Riding the Triple Nickel Takes 5-7 Days for Most Cyclists

The Triple Nickel-a 525-mile (845 km) bikepacking route-typically takes 5 to 7 days to complete, depending on fitness, daily mileage, and terrain challenges. Riders average 75-100 miles (120-160 km) per day, with elevation gains up to 35,000 ft (10,600 m). Weather, navigation, and rest stops also impact duration.

Key Factors Affecting Completion Time

  • Fitness Level: Experienced ultracyclists may finish in 4-5 days; beginners often need 7+ days.
  • Terrain: Mixed surfaces (gravel, pavement, singletrack) slow progress. Technical sections add time.
  • Daily Mileage: Riders targeting 100+ miles/day finish faster but risk fatigue. Shorter days (50-70 miles) extend the trip.
  • Weather: Rain, wind, or extreme heat can delay progress by 1-2 days.
  • Resupply Strategy: Detours for food/water add hours. Remote sections require careful planning.

Time Estimates by Rider Type

Rider Profile Daily Mileage Estimated Duration Key Considerations
Elite Ultracyclist 120-150 miles (190-240 km) 3-4 days Minimal stops, high endurance, lightweight gear.
Experienced Bikepacker 80-100 miles (130-160 km) 5-6 days Balanced pace, overnight camps, moderate breaks.
Recreational Rider 50-70 miles (80-110 km) 7-9 days Frequent rest, scenic detours, heavier gear.

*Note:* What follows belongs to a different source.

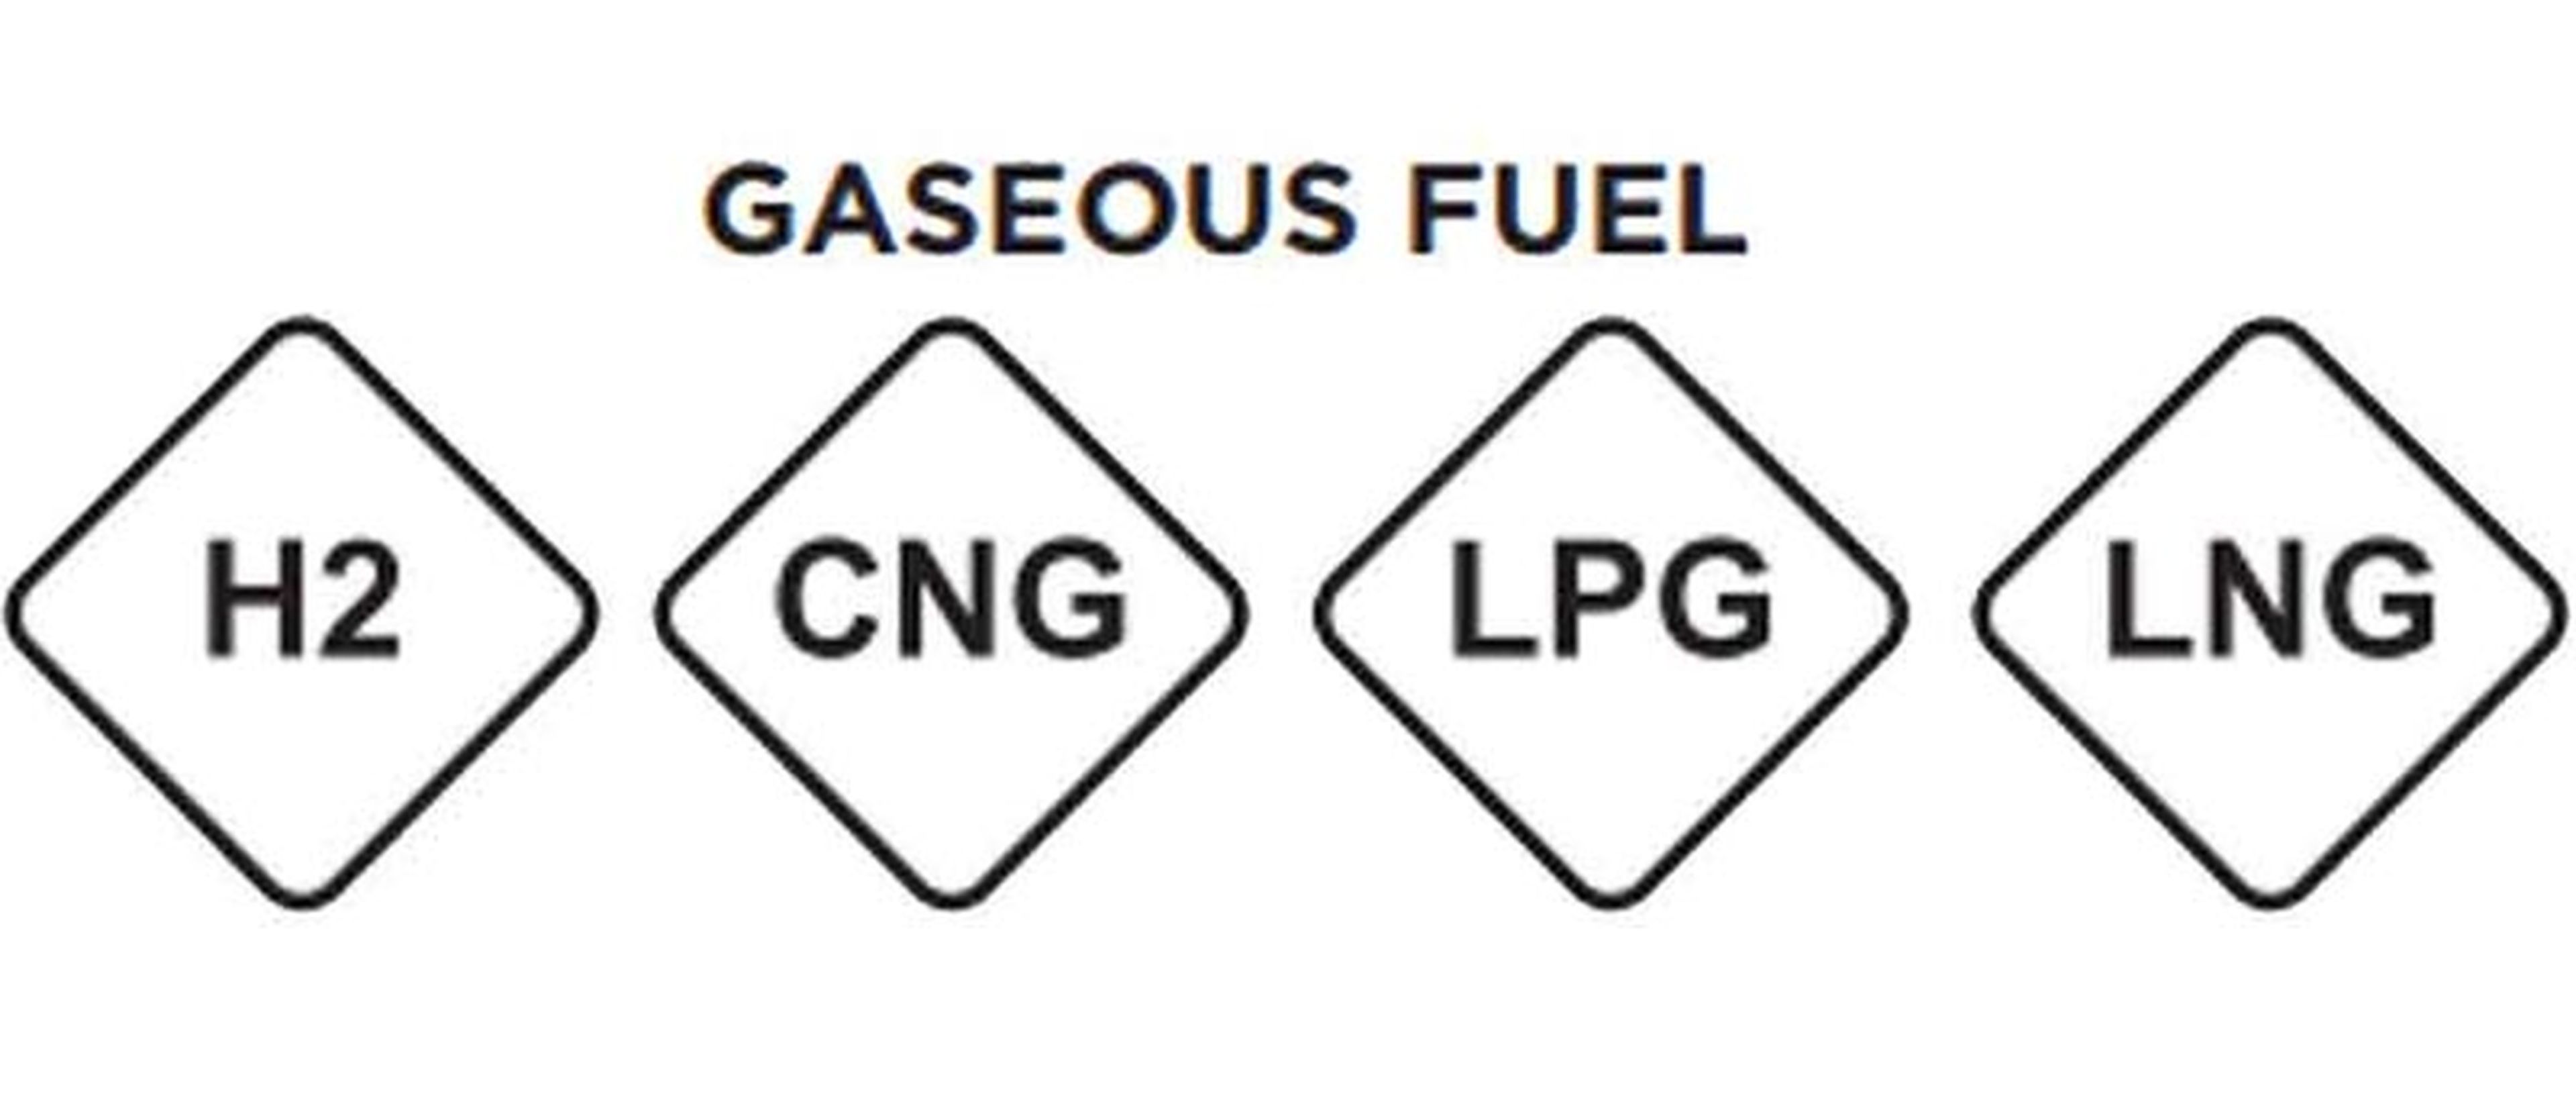 Combustibles gaseosos

How to Shorten Your Ride Time

  1. Train for Endurance: Build up to back-to-back 100-mile days with elevation gain.
  2. Optimize Gear: Use a lightweight bikepacking setup (sub-20 lbs) and tubeless tires.
  3. Plan Resupplies: Pre-map food/water stops to avoid unnecessary detours.
  4. Ride Early/Late: Avoid midday heat; use cooler hours for faster progress.
  5. Draft with Others: Group riding (if allowed) reduces wind resistance by 20-30%.

Common Time Delays to Avoid

  • Navigation Errors: Off-route miles add hours-use a GPS with preloaded tracks.
  • Mechanical Issues: Carry spares (chain links, tubeless plugs) to fix flats/breaks quickly.
  • Overpacking: Extra weight slows climbing speeds by 1-2 mph.
  • Poor Sleep: Inadequate rest reduces next-day performance by 15-25%.
  • Unplanned Detours: Skipping resupply points can force lengthy backtracking.

Sample 6-Day Itinerary

Day Mileage Elevation Gain Terrain Highlights
1 90 miles (145 km) 6,000 ft (1,830 m) Rolling hills, gravel roads, initial climbs.
2 85 miles (137 km) 5,500 ft (1,675 m) Forest trails, technical descents.
3 100 miles (160 km) 7,000 ft (2,135 m) Long climbs, remote sections.
4 75 miles (120 km) 4,000 ft (1,220 m) Recovery day, scenic river valleys.
5 95 miles (153 km) 6,500 ft (1,980 m) Final major climbs, mixed surfaces.
6 80 miles (129 km) 3,000 ft (915 m) Downhill finish, pavement sections.